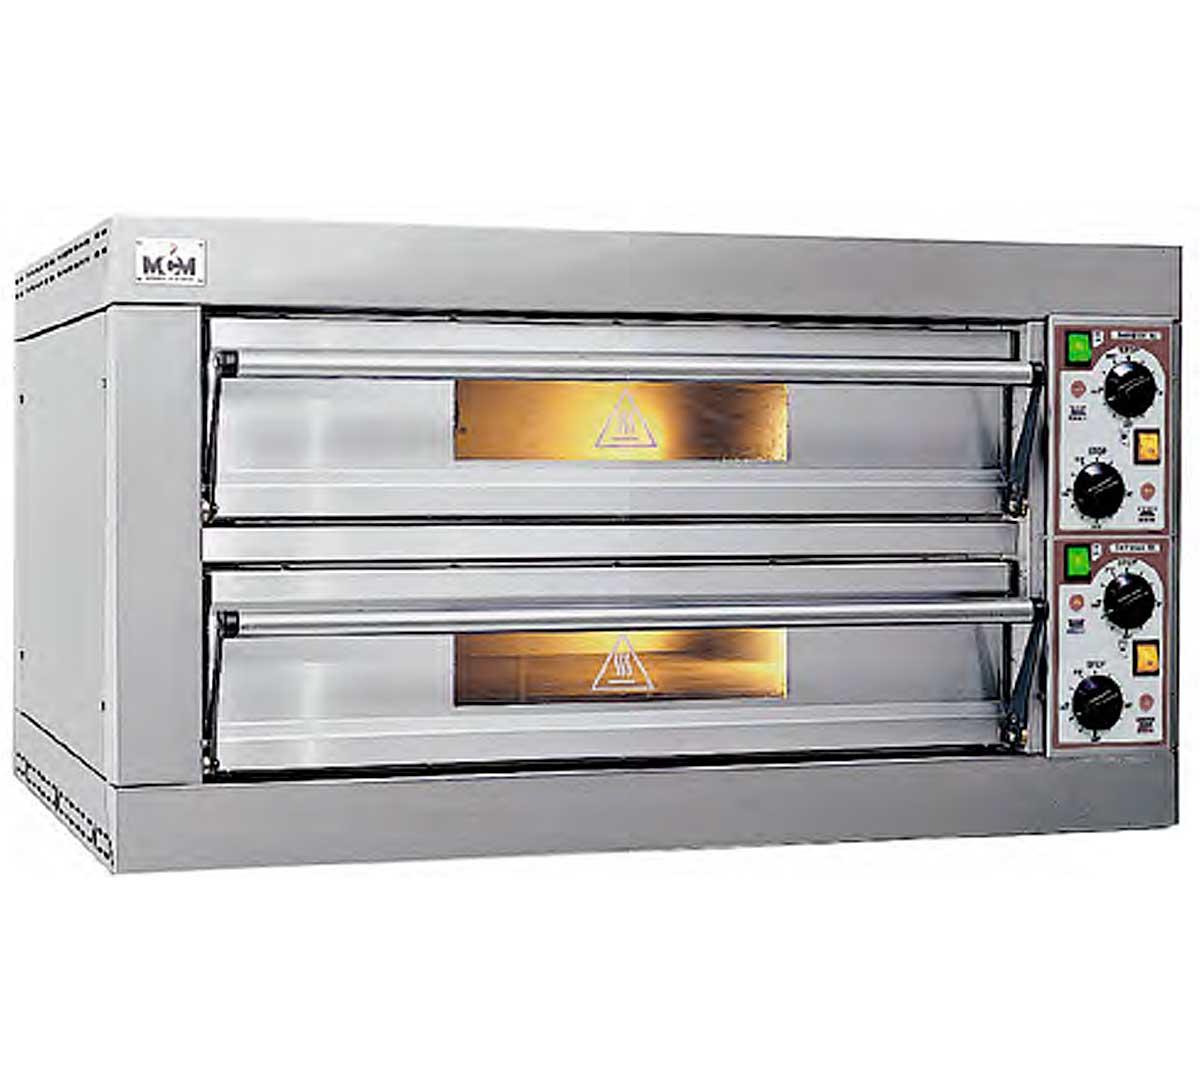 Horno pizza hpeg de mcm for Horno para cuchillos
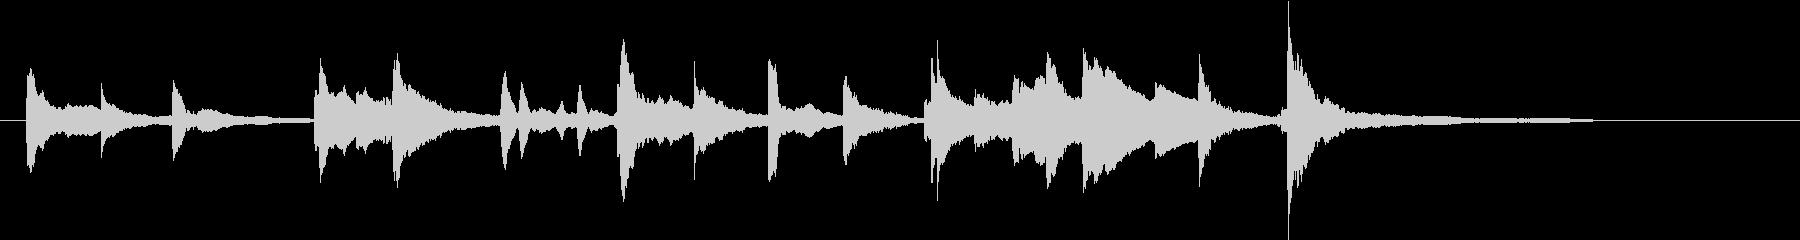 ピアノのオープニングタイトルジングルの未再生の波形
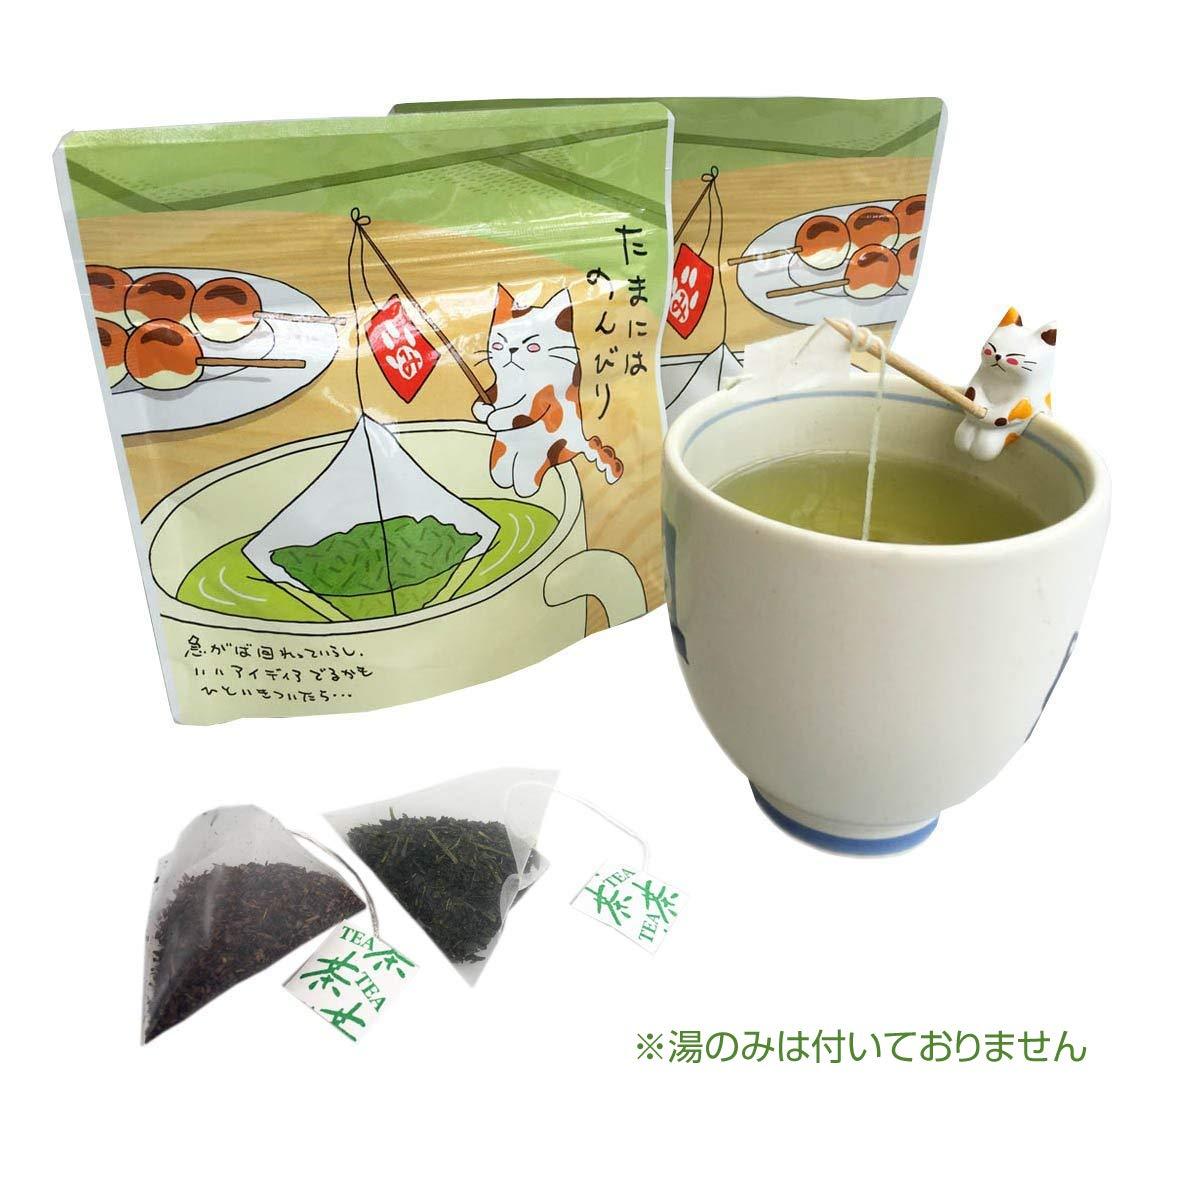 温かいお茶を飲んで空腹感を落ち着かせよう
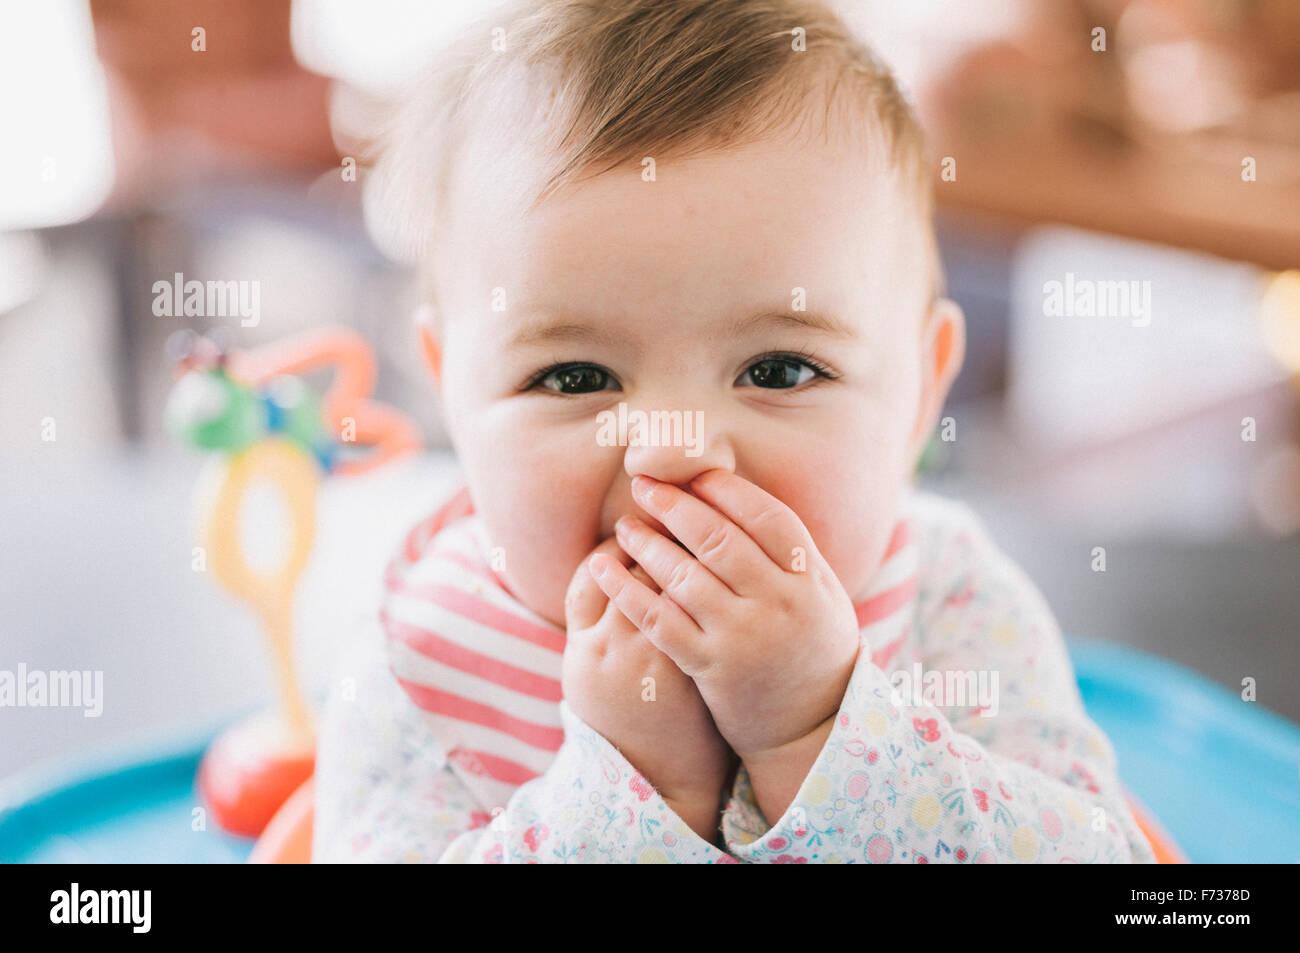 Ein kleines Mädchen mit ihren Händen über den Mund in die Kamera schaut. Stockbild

========================

_YOUR ASSIGNMENT_. Reproduce, unchanged, each line between the one with "ピアノのオープニングタイトルジングルの未再生の波形" and the last line of the material, both included; the pictures do not go in.

_TASK OUTPUT_.
 ピアノのオープニングタイトルジングルの未再生の波形
 温かいお茶を飲んで空腹感を落ち着かせよう
 Ein kleines Mädchen mit ihren Händen über den Mund in die Kamera schaut. Stockbild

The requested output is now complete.